## Data

◇ ◇ ◇

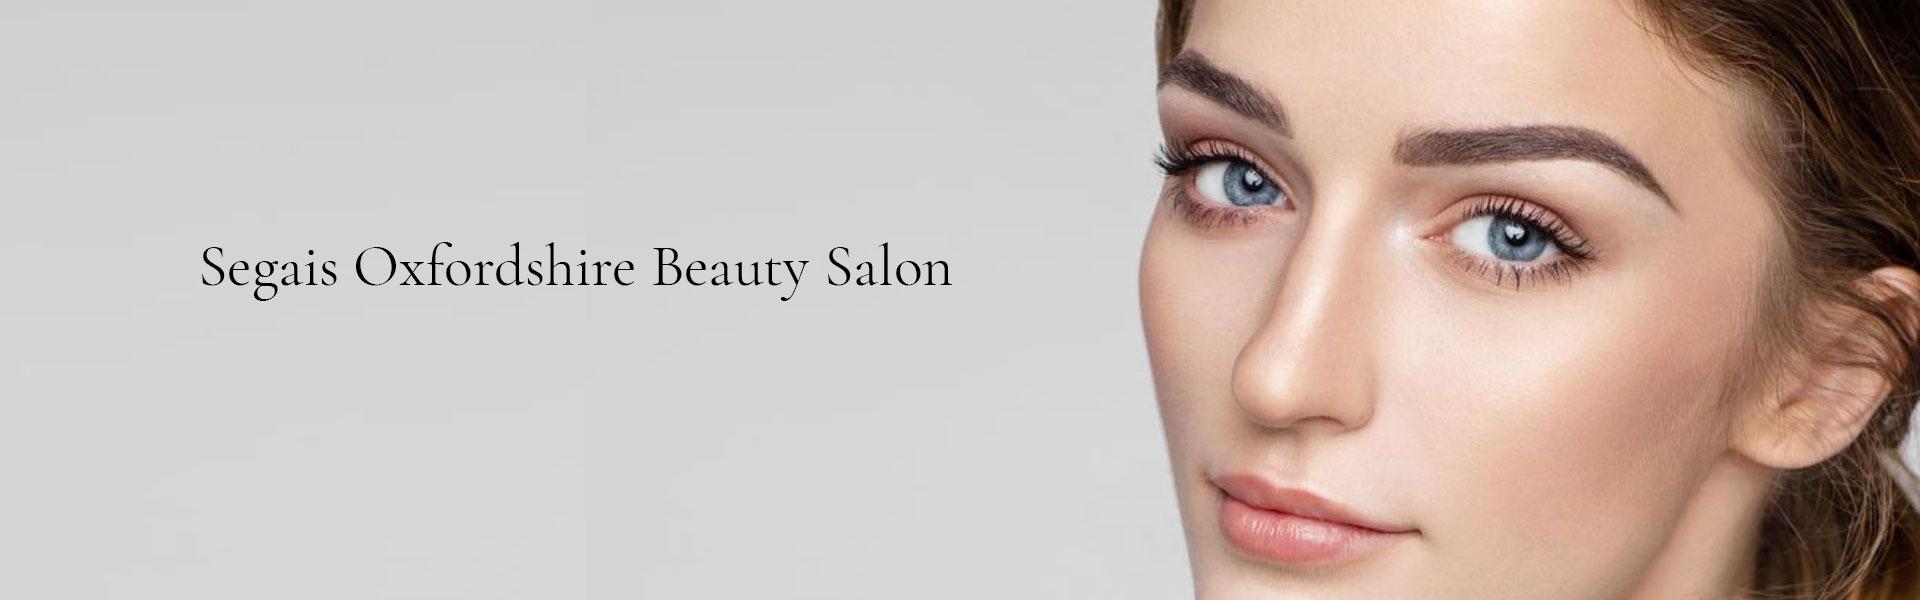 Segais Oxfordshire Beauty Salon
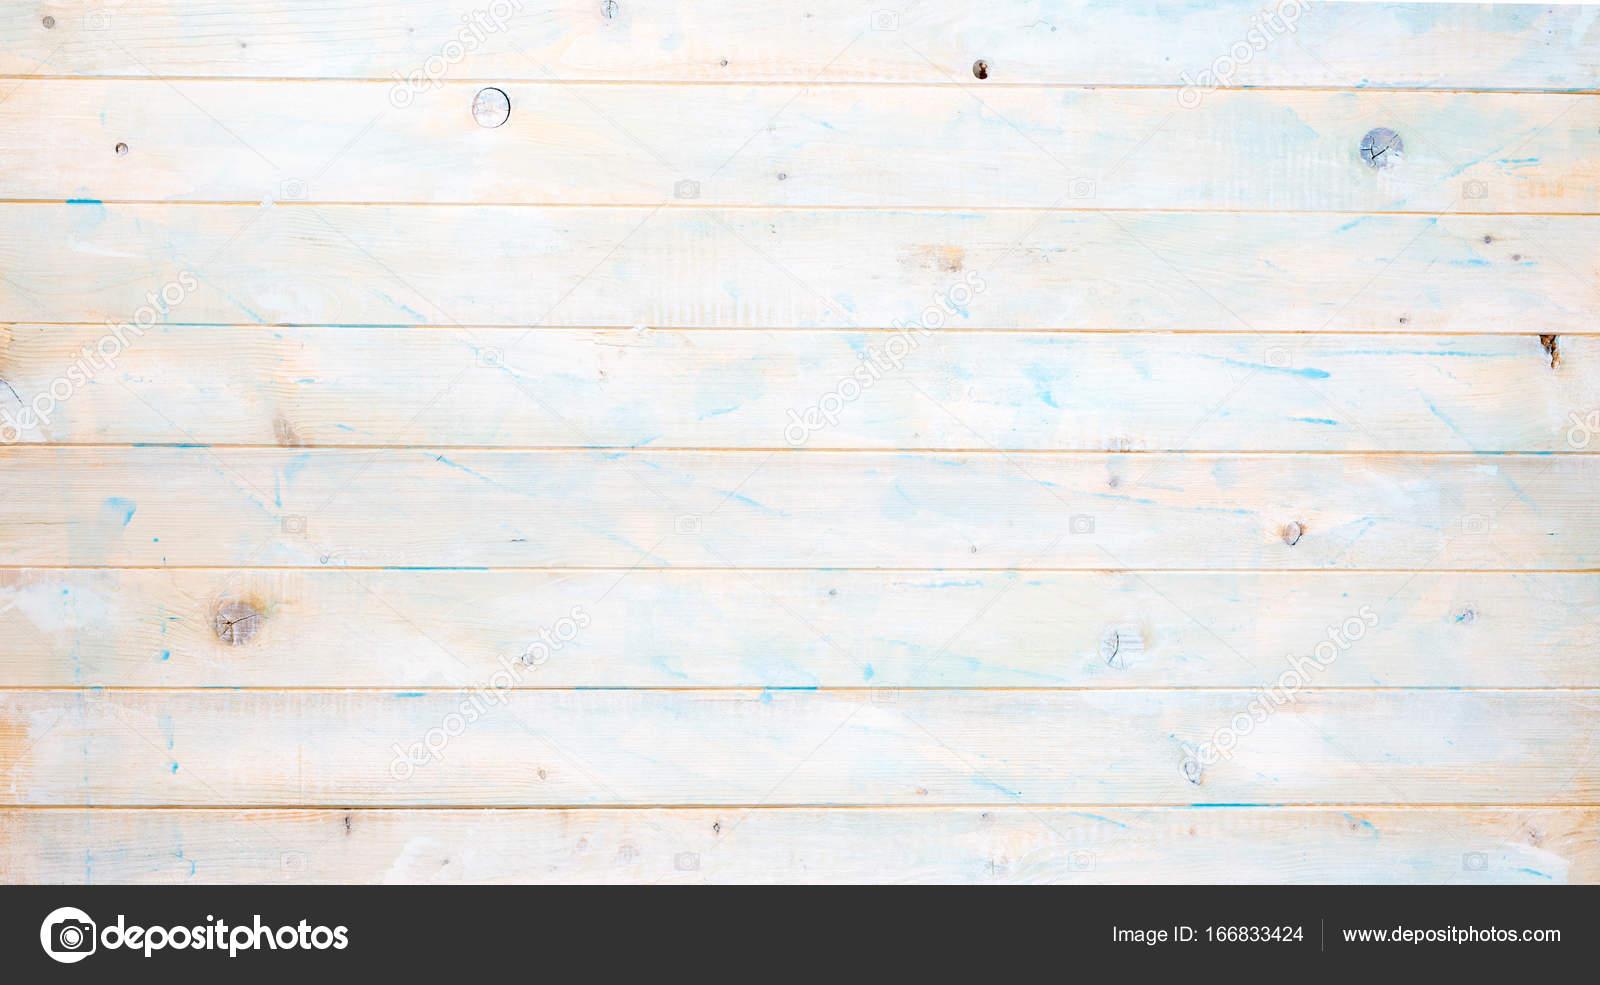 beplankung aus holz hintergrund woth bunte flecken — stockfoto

◇ ◇ ◇

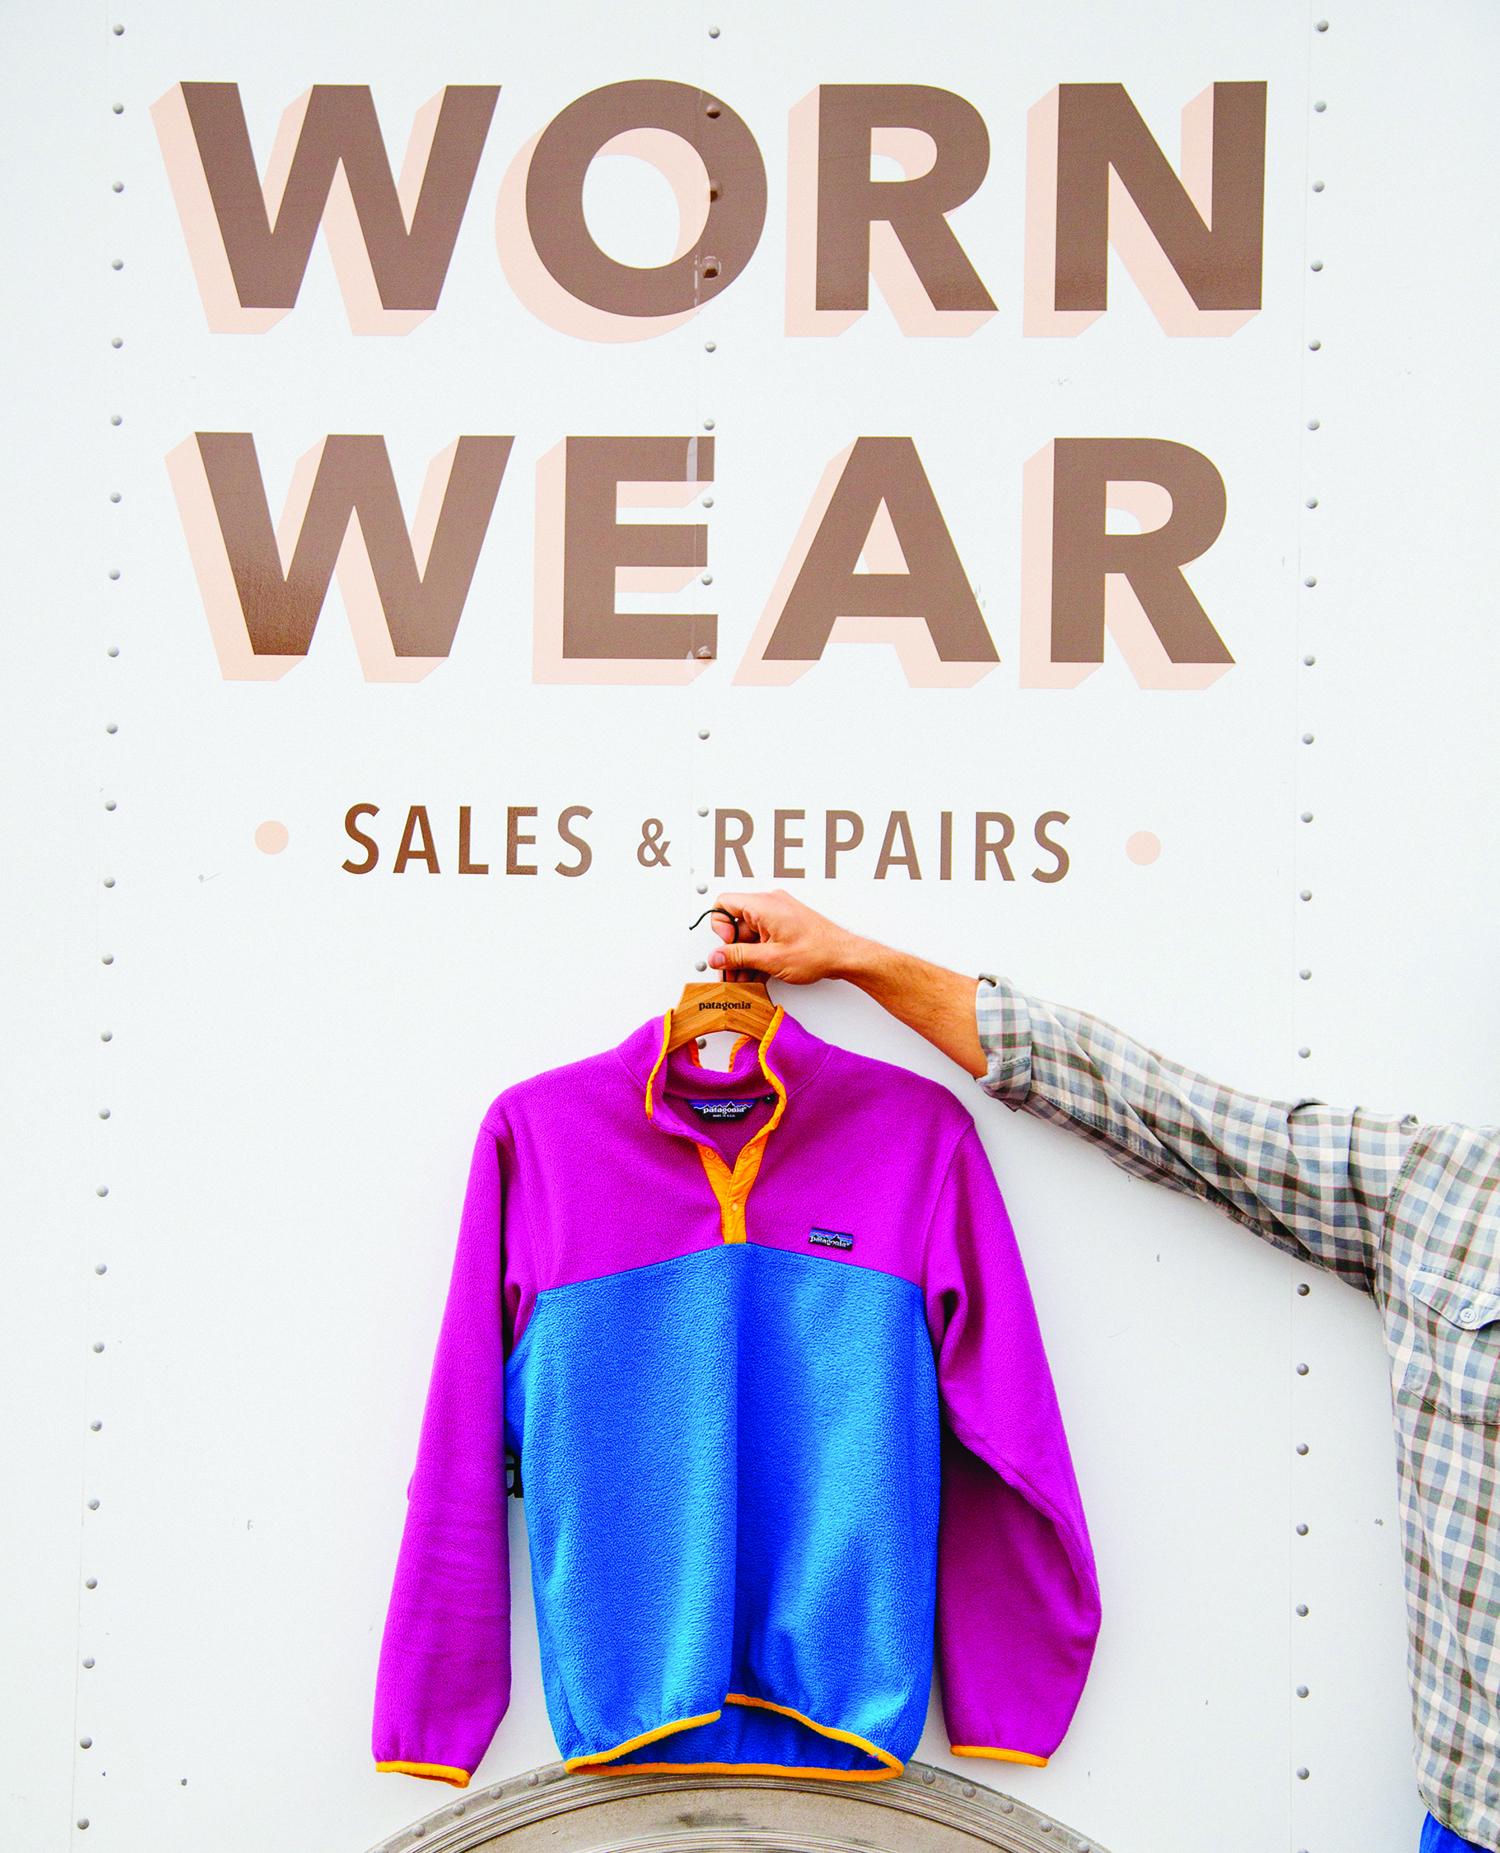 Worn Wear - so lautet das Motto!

◇ ◇ ◇

## Instructions to follow
Look above for the line with "Segais Oxfordshire Beauty Salon" and the line with "beplankung aus holz", then restate exactly those two lines and all lines between them, with no pictures.

## Result
 Segais Oxfordshire Beauty Salon
 beplankung aus holz hintergrund woth bunte flecken — stockfoto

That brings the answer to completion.